%%

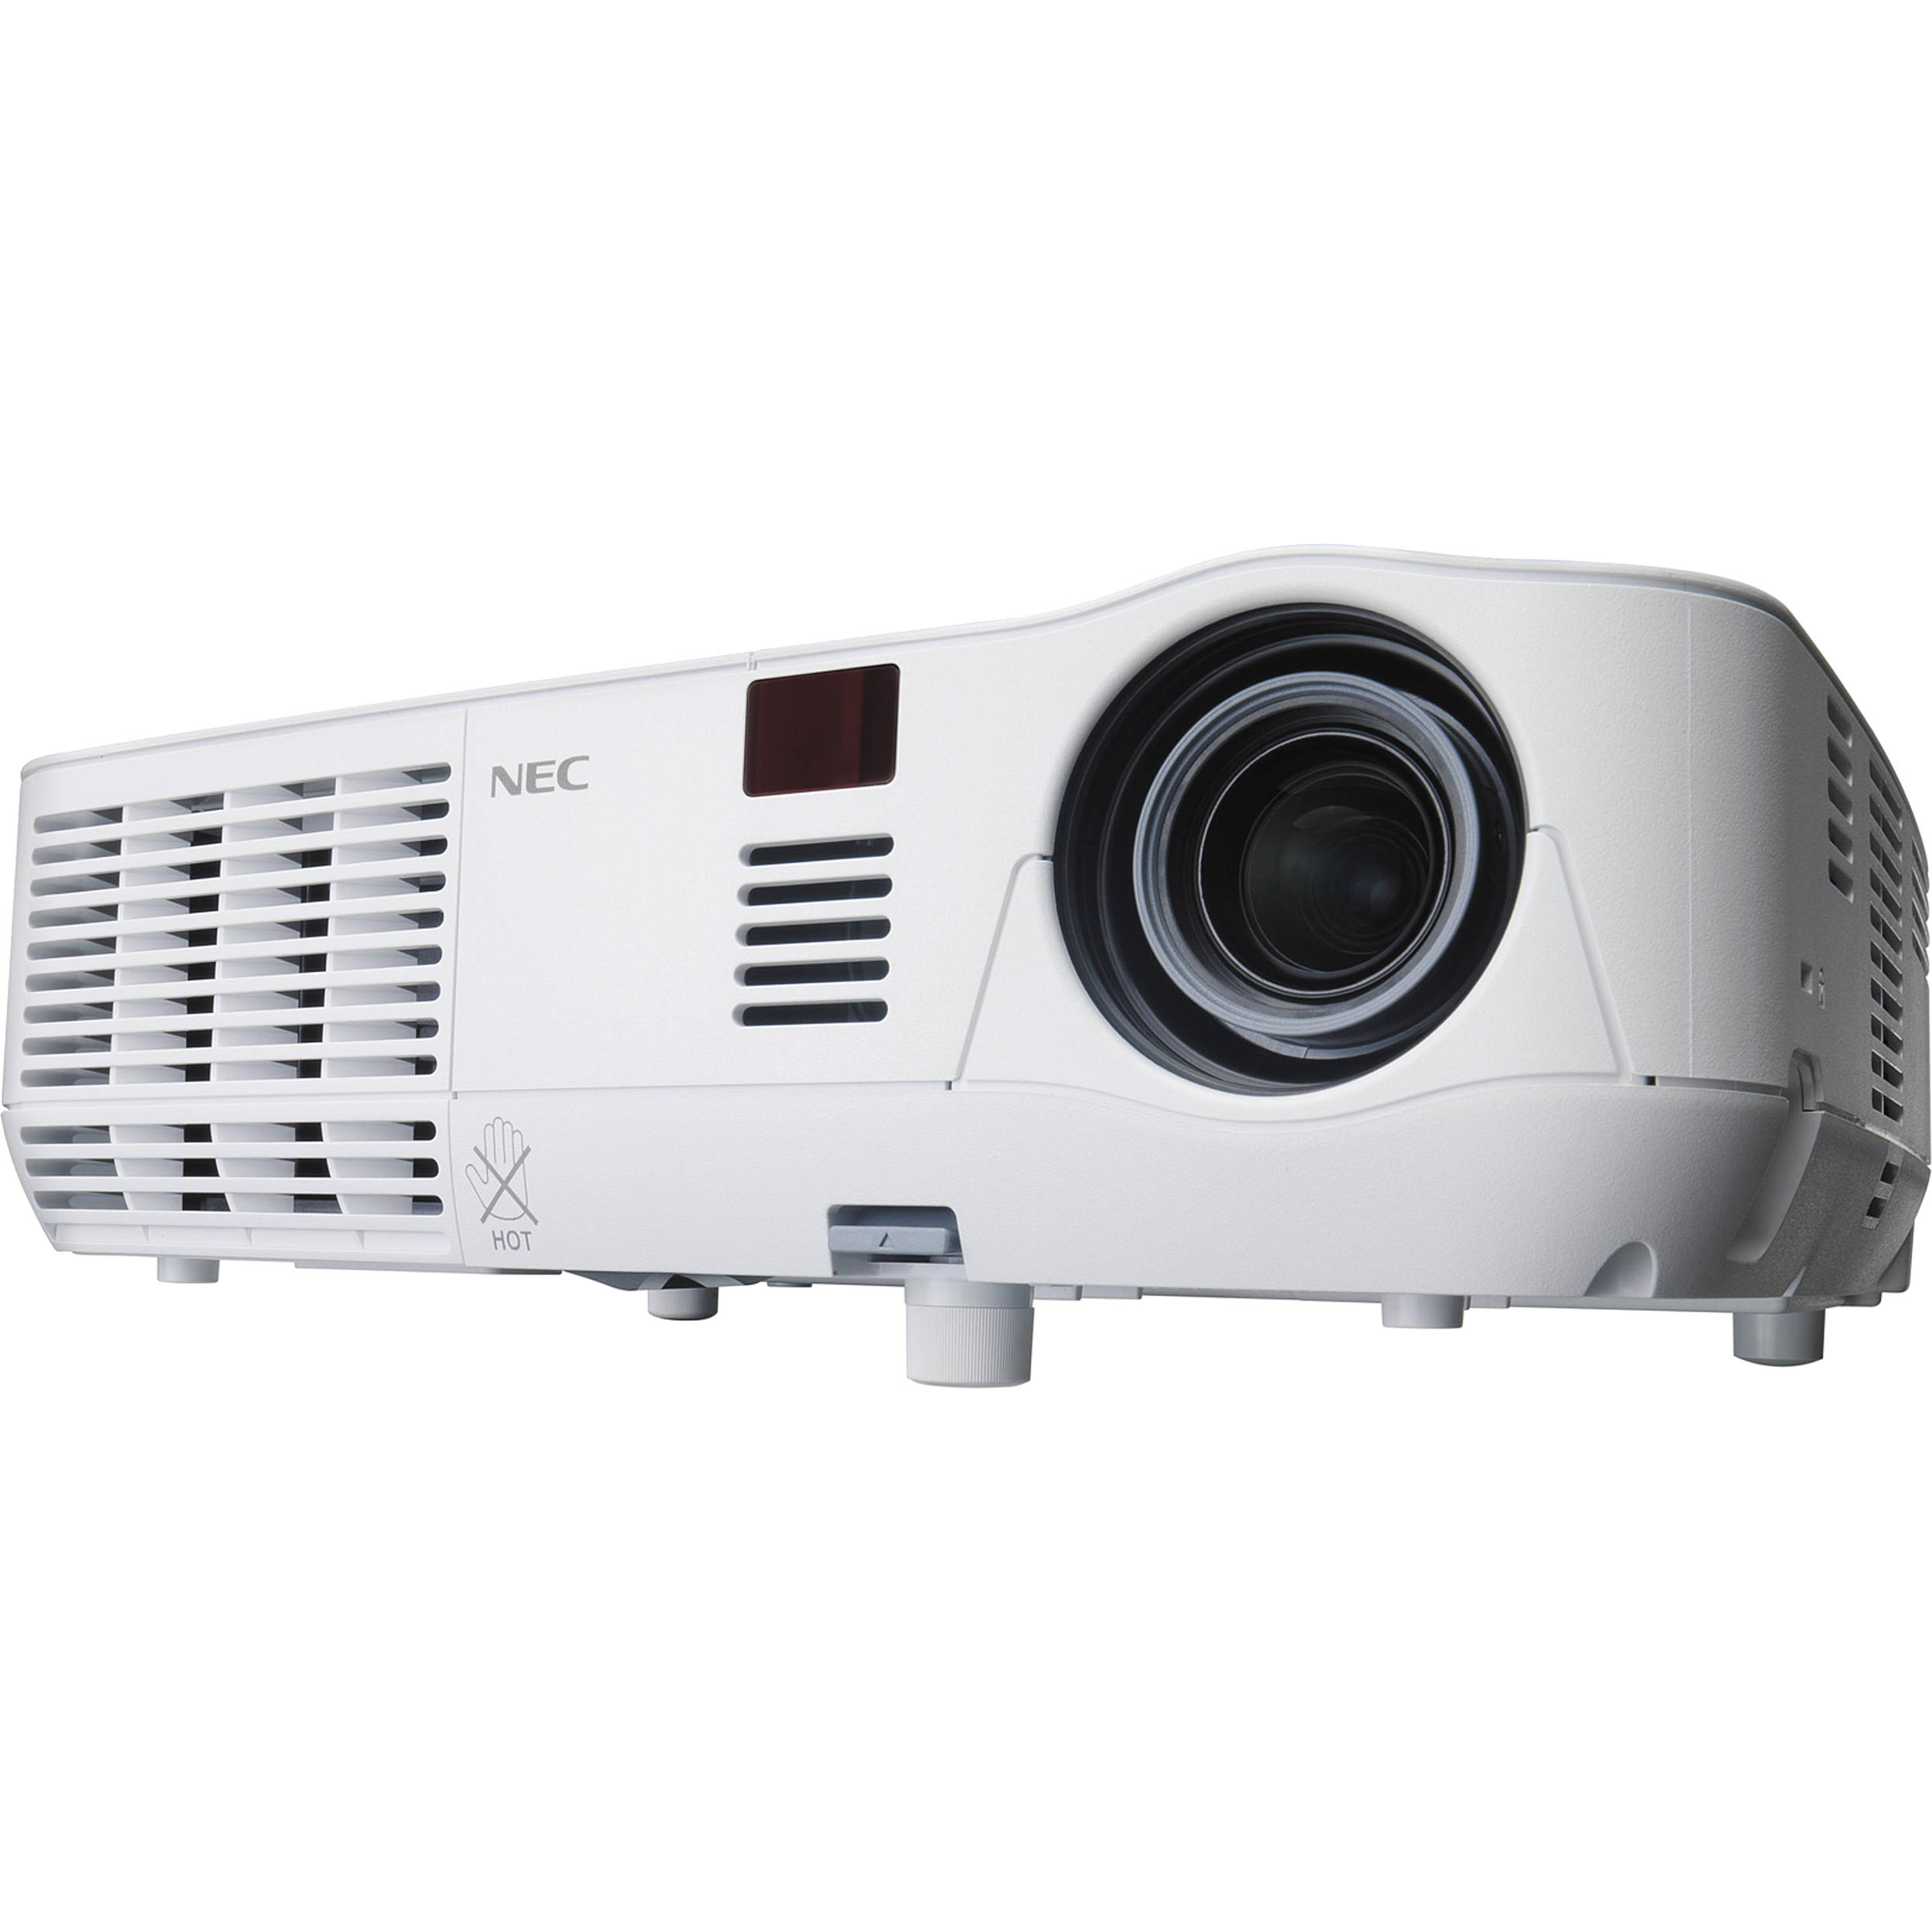 nec np v260x xga 3d mobile projector np v260x b h photo video rh bhphotovideo com Old NEC Projectors NEC Overhead Projector
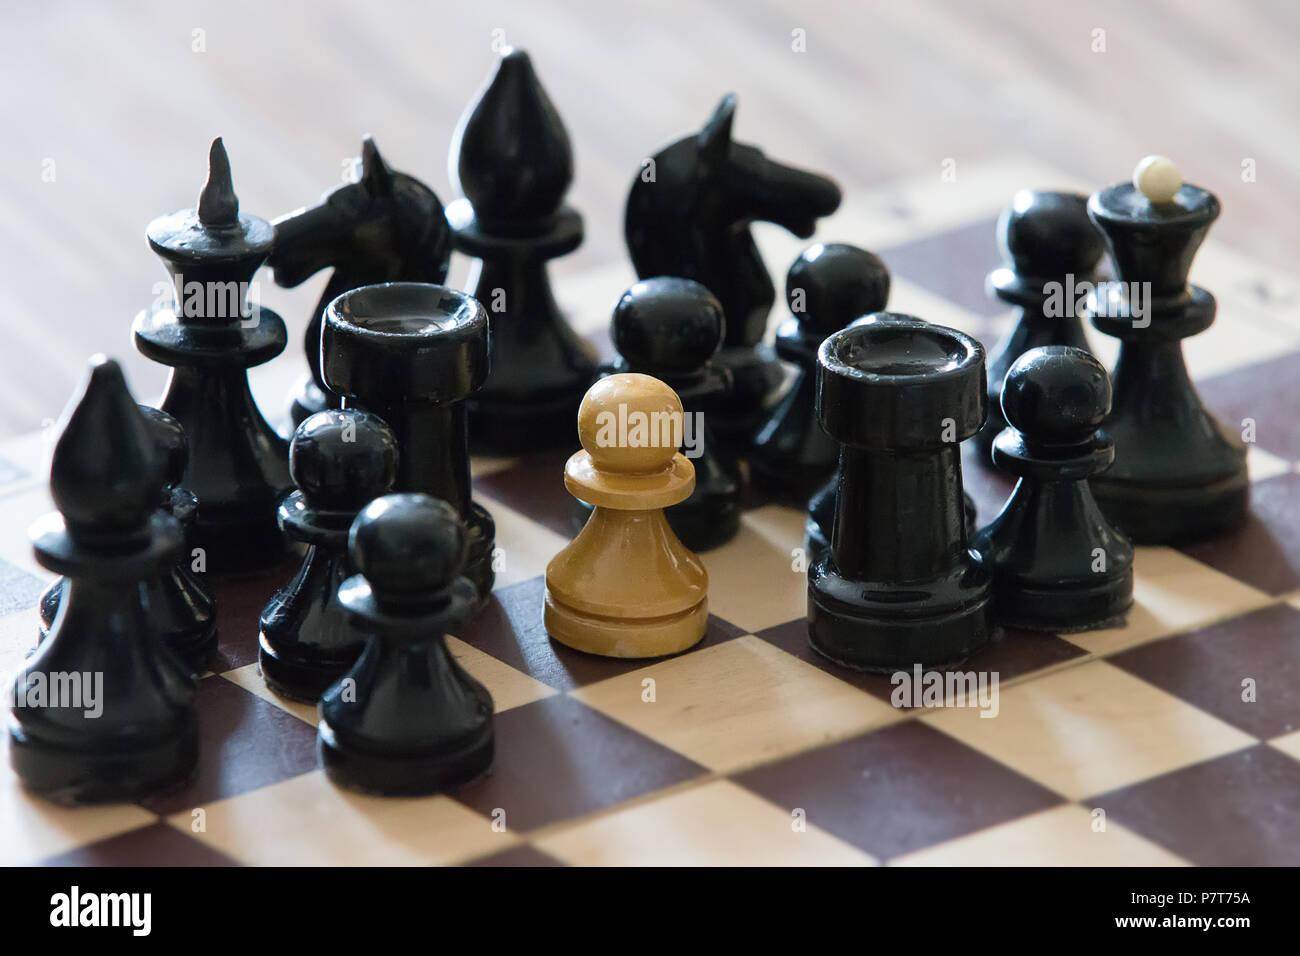 Chessmen. Concept white and black - Stock Image
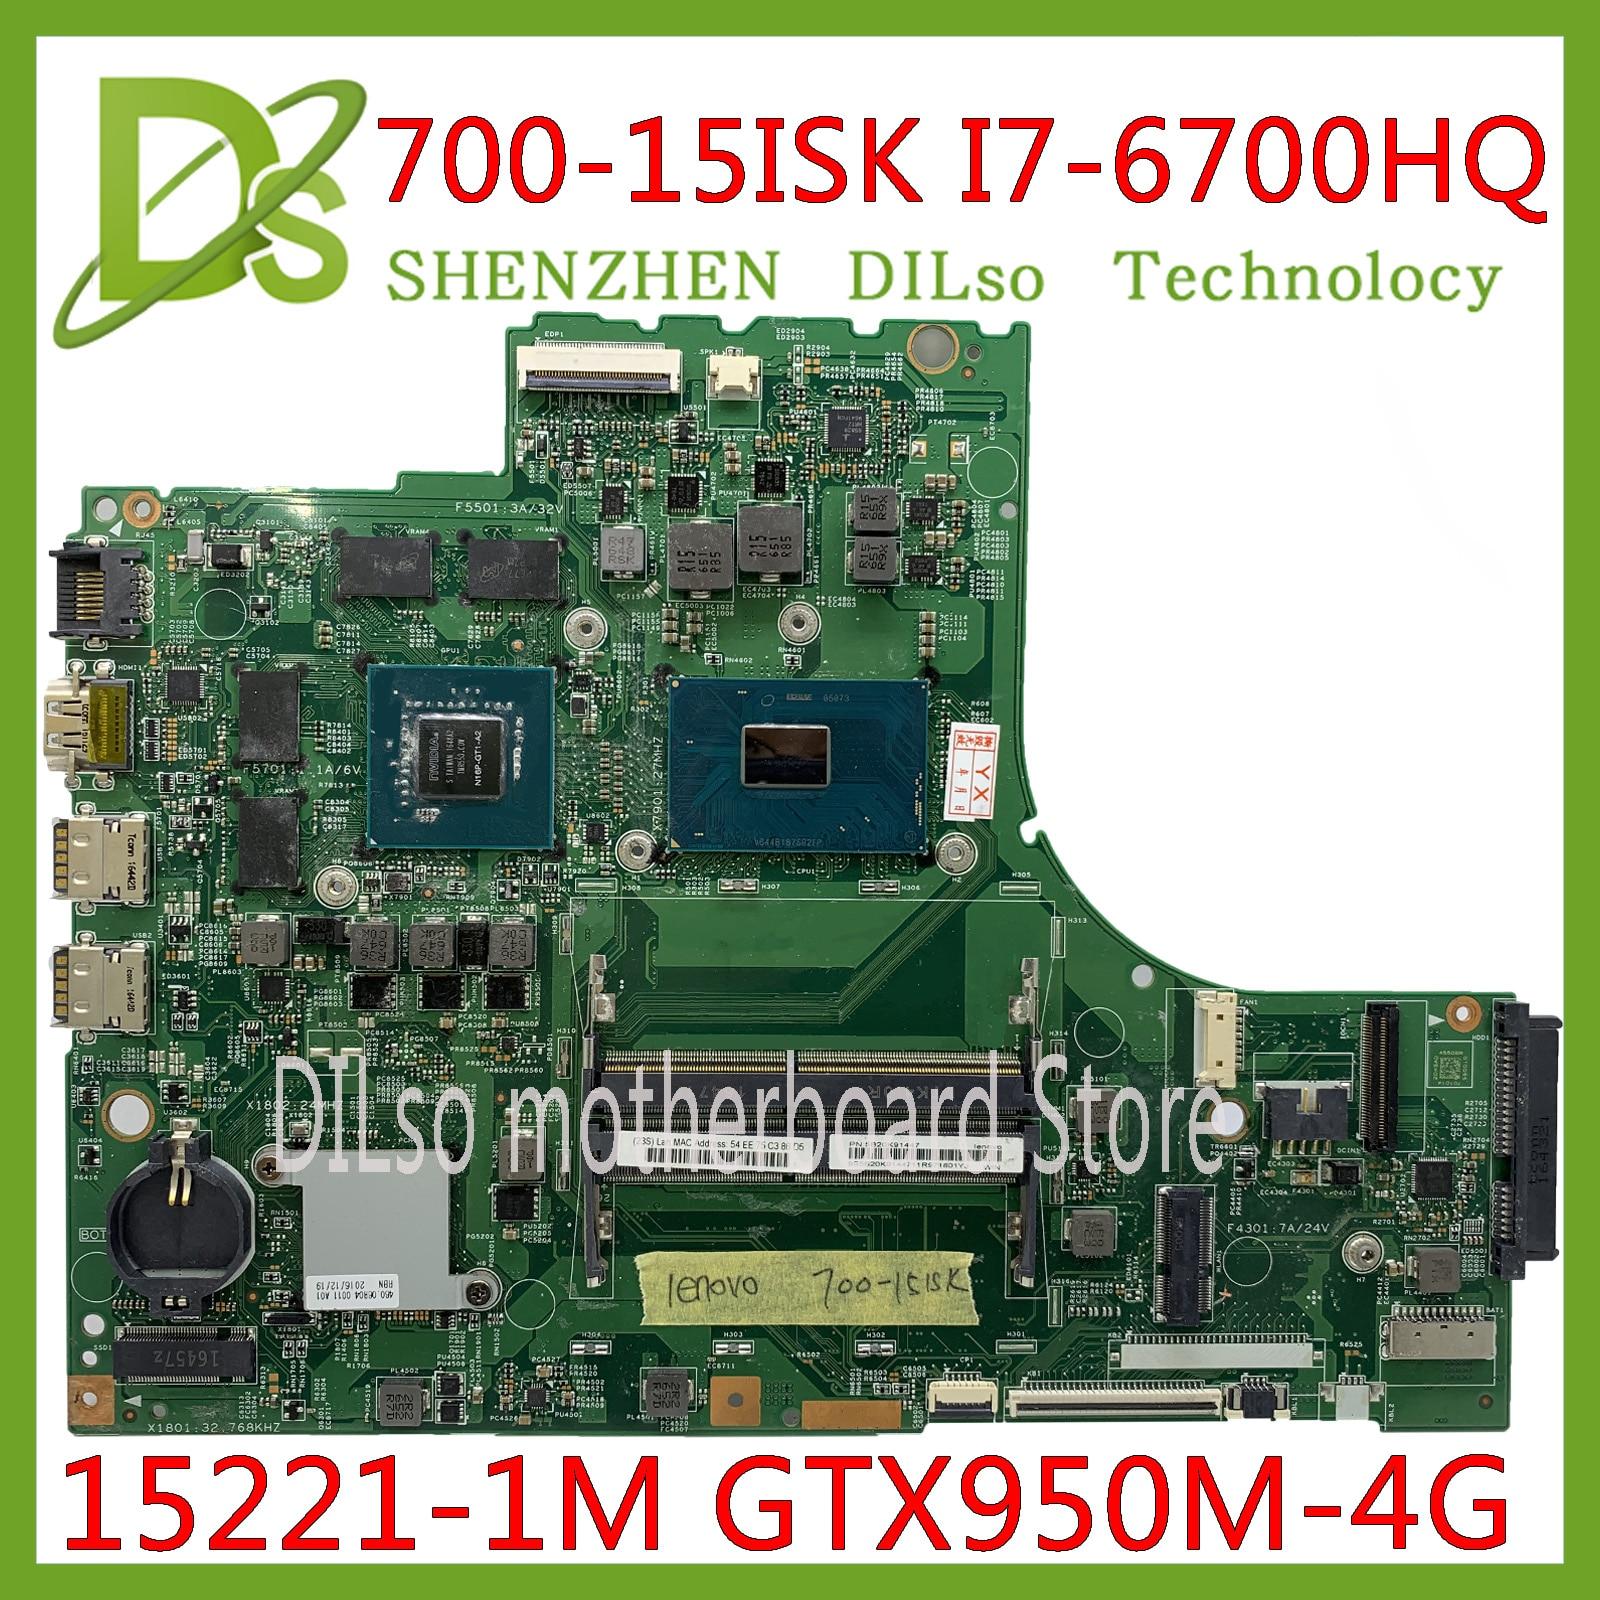 KEFU 700-15ISK Laptop Motherboard For Lenovo 700-15 700-15ISK Motherbaord DDR4 I7-6700HQ GTX950-4GB 15221-1M 448.06R01.001M

%%

Exercise:
Could the data above be repeated exactly, with every picture dropped?

Answer area:
 nec np v260x xga 3d mobile projector np v260x b h photo video rh bhphotovideo com Old NEC Projectors NEC Overhead Projector
 Chessmen. Concept white and black - Stock Image
 KEFU 700-15ISK Laptop Motherboard For Lenovo 700-15 700-15ISK Motherbaord DDR4 I7-6700HQ GTX950-4GB 15221-1M 448.06R01.001M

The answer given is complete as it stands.